Abstract:
A lightweight night vision device that can be used by itself or can be selectively attached to either the objective lens assembly or ocular lens assembly of an existing optical device. The night vision device includes an image intensifier tube for amplifying low intensity light to produce a visible image. The image produced by the image intensifier tube is inverted. A prism assembly is positioned proximate to the image intensifier tube to reinvert the image in a space and cost efficient manner. The image intensifier tube, the power supply for the image intensifier tube and the reinverting prism are all contained within a house just large enough to accommodate these components. The housing has an objective port and an ocular port. Both ports are adapted to be joined to other optical components. As a result, a large variety of optical devices can be attached to either the object port or ocular port of the night vision device, thereby providing night vision capabilities to the optical device.

Description:
This is a continuation of application Ser. No. 08/405,172, filed on Mar. 16, 1995, entitled COMPACT NIGHT VISION DEVICE, now abandoned. 
    
    
     FIELD OF THE INVENTION 
     The present invention relates to monocular night vision devices that enable a viewer to observe objects at night or during other low-light conditions. More particularly, the present invention relates to a lightweight, low cost monocular night vision system that can be used independently or can be adapted to be used as an objective lens supplement or an ocular lens supplement for secondary optical devices, thereby providing night vision capabilities to such devices. 
     BACKGROUND OF THE INVENTION 
     Night vision devices are widely used in the military to provide soldiers, aviators and sailors with the ability to view objects at night or during other low light conditions.

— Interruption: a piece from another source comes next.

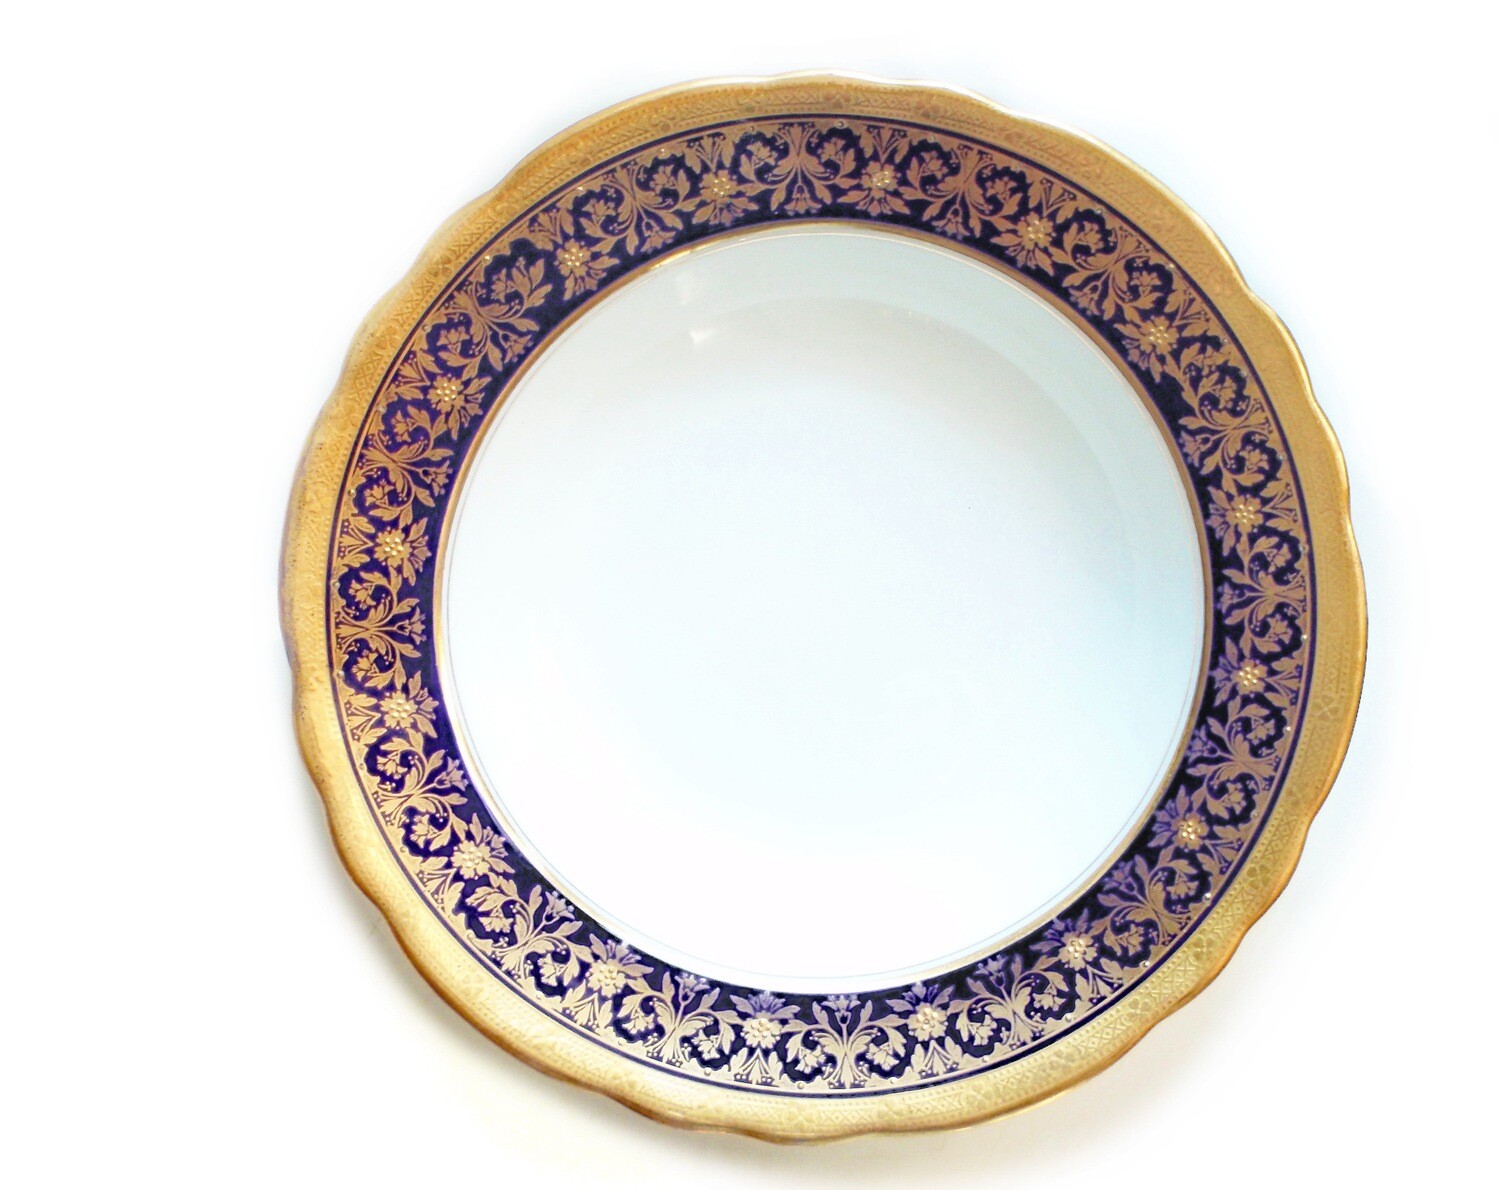 1 Aynsley Kenilworth Cobalt and Gold Soup Plates
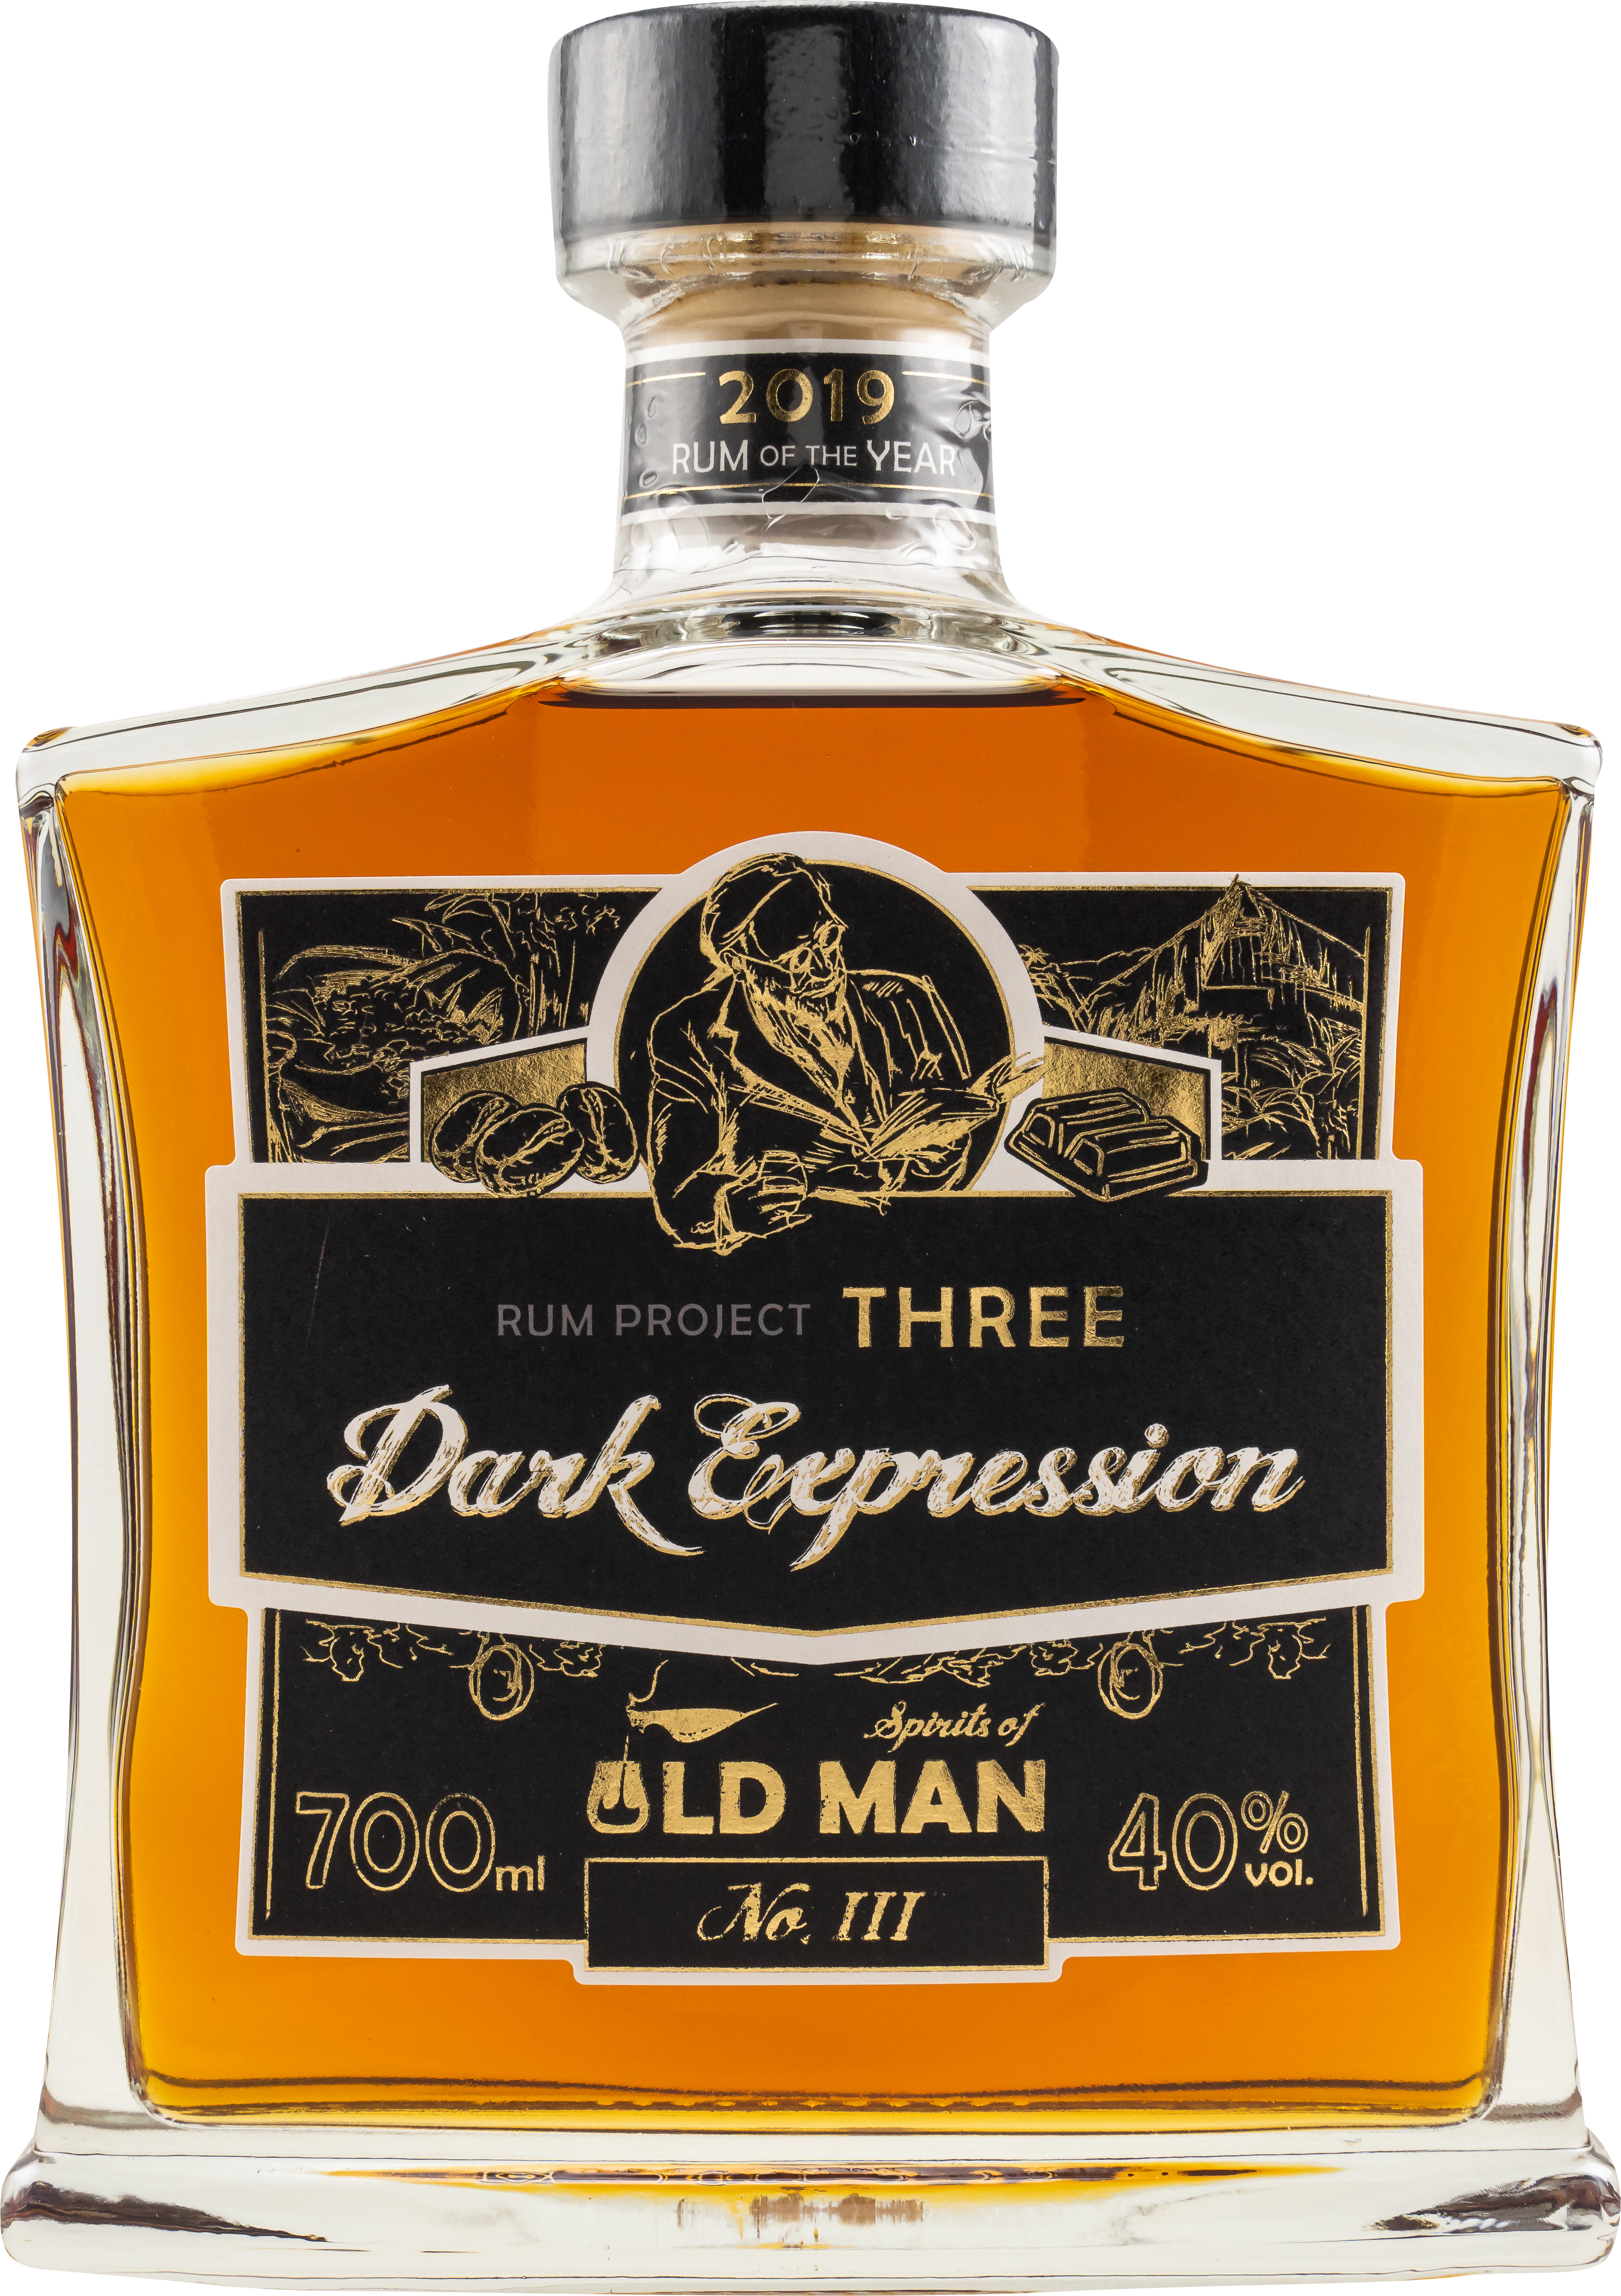 "Rum Project Three" (Dark Expression) by Spirits of Old Man 40% 0,7l

As a result, many night vision devices are currently being manufactured according to exacting military specifications and designs. Similarly, many such night vision devices are being manufactured for specific military applications such as part of the sights of various weapons or as part of goggle assemblies that attach to an aviator&#39;s or soldier&#39;s helmet. As a consequence, many of the night vision devices currently being manufactured are neither affordable nor easily adapted to non-military uses by the general public. 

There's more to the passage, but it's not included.